Uma das características que distingue os realizadores que os intelectuais chamam de "auteurs" (porquê é que adoram palavras francesas?) é a repetição de um "tema" em todos os seus filmes. Pode ser um tique, uma estética e pode ser (e aí eles deliram) uma preocupação - chamemos-lhe assim. Se é desta maneira, à partida (porque nestas coisas nunca podemos ter a certeza), Mia Hansen-Løve será uma das escolhidas para esta exclusiva categoria. Vi três dos seus filmes, L'Amour de Jeunesse, Eden e agora L'Avenir, e todos, de formas diferentes, abordam os mesmos temas: o passar do tempo da Mulher ou do Homem; a maturidade ou falta dela, consequência desta passagem. Eu, por mim, adoro os filmes dela e este último não foi excepção - não sei o que isto diz de mim se vocês levarem muito a sério o que escrevi no início deste parágrafo.

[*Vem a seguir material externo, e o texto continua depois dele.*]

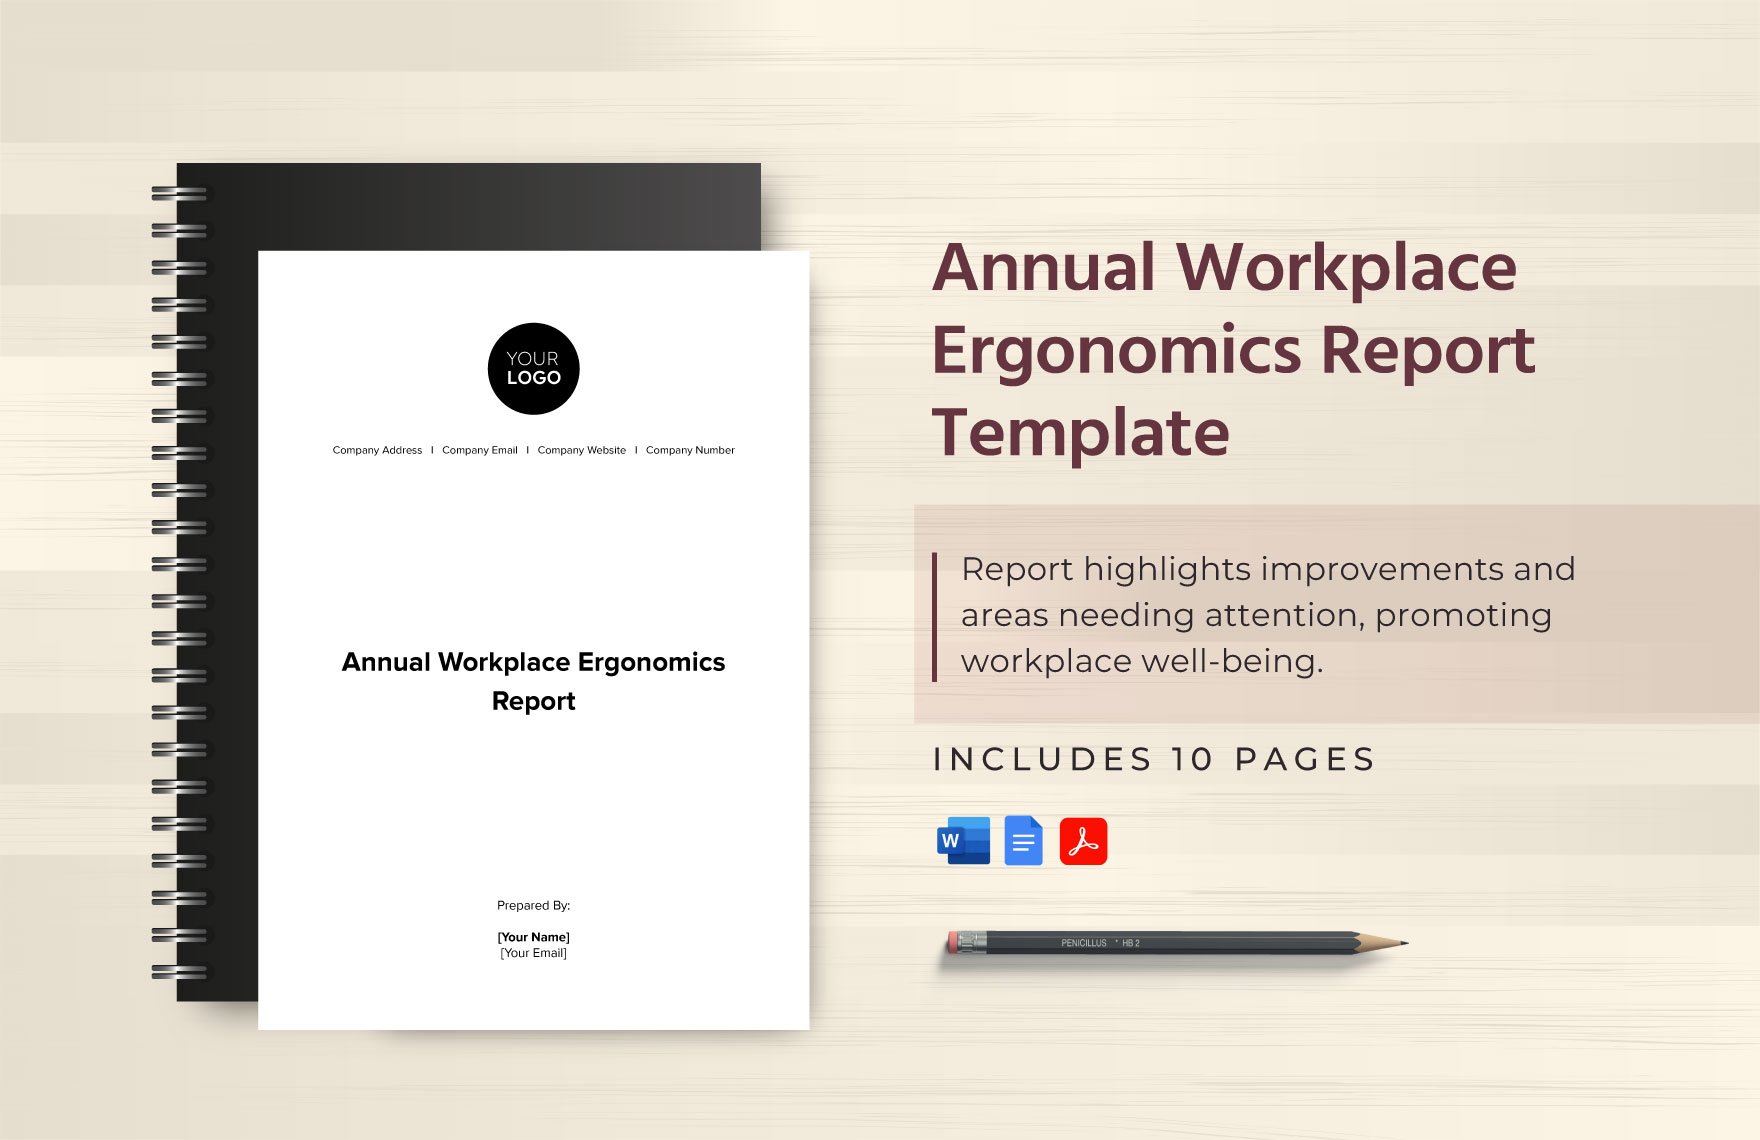 Annual Workplace Ergonomics Report Template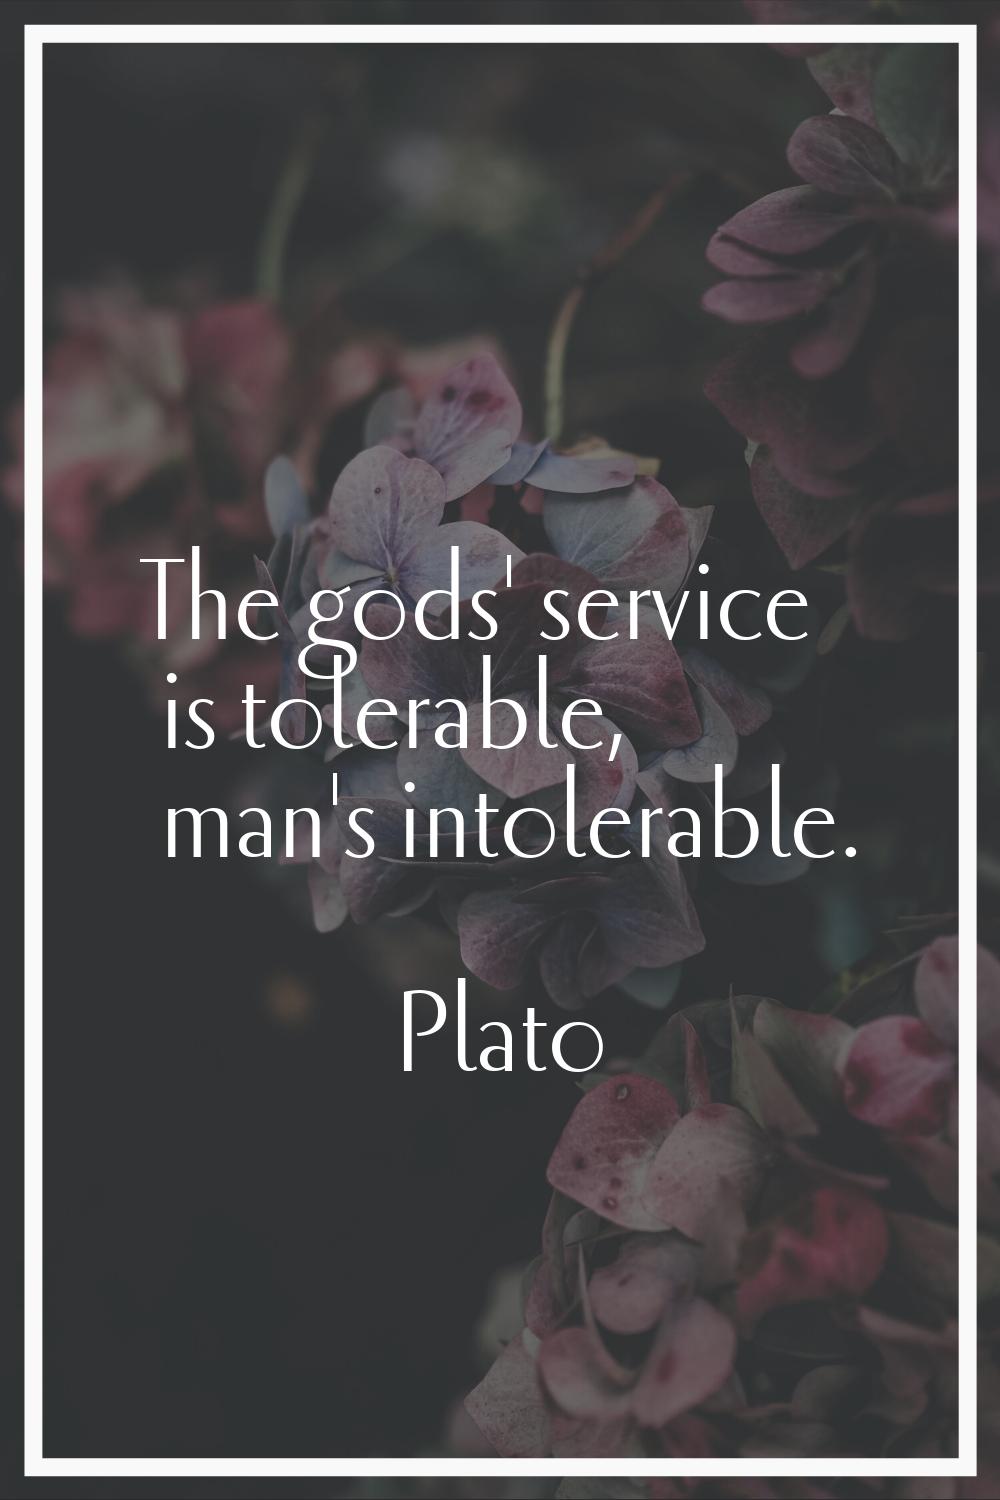 The gods' service is tolerable, man's intolerable.

No post anterior sobre o Indie escrevi que seria pena alguns dos filmes não estrearem comercialmente e não forem vistos por mais pessoas. Este é um dos melhores casos - e tenho a certeza que vai sair, já que todos os filmes de Mia Hansen-Løve apareceram nas salas de cinema fora de festivais. A realizadora, como já disse, volta a pegar em temas que a preocupam mas, desta vez, a partir de olhos diferentes, os maduros de Isabelle Huppert. Nos anteriores L'Amour de Jeunesse e Eden a autora escolhia a perspectiva de dois adolescentes, uma rapariga e um rapaz, respectivamente, e não se ficava apenas por uma vivência idílica deste tempo maravilhoso na nossa vida. Ela buscava, no passar do tempo, no esticar para lá do happy ending, documentar de forma poética mas afastada o que acontece para lá do formato cor-de-rosa de um amor vertiginoso de juventude e de uma experiência profissional de algo que adoramos fazer. Notava-se, na escolha narrativa e na escolha como realizadora, uma busca pela maturidade, do que significa na realidade. Com L'Avenir, Mia Hansen-Løve escolhe fazer o mesmo mas através de uma mulher muitos anos mais velha, casada, com filhos da idade dos protagonistas dos outros dois filmes. Esta é uma mulher a quem a vida parece correr bem até determinado momento. Até às várias viragens que lhe aparecem no caminho, mudanças inevitáveis que acabam por revolucionar um futuro que parecia certo. A realizadora coloca-se no lugar da protagonista mas também no do jovem em quem Huppert, professora de filosofia no liceu, deposita as expectativas de poder vir a ser a pessoa que ela gostava de ter sido. Mesmo em detrimento dos seus filhos e marido, cuja vida e opiniões são tão diferentes daquelas que defende e postula. No fundo, estamos a ver a mesma pessoa em três tempos diferentes: uma já como adulta (Huppert); outra como jovem idealista (o adolescente, aluno, que ela protege); a terceira, de quem não falei ainda, a da mãe de Huppert, uma ex-modelo de catálogo, que transforma a terceira idade num calvário para ela e para a filha.
Este filme é uma evolução brilhante do tal "tema" que parece existir em todos os filmes de Hansen-Løve. Um reflexão adulta e cuidada do que significa o passar do tempo, do facto de, mesmo na nossa vida, sermos apenas um dos actores. É, sem duvida, para mim, um dos melhores filmes do ano.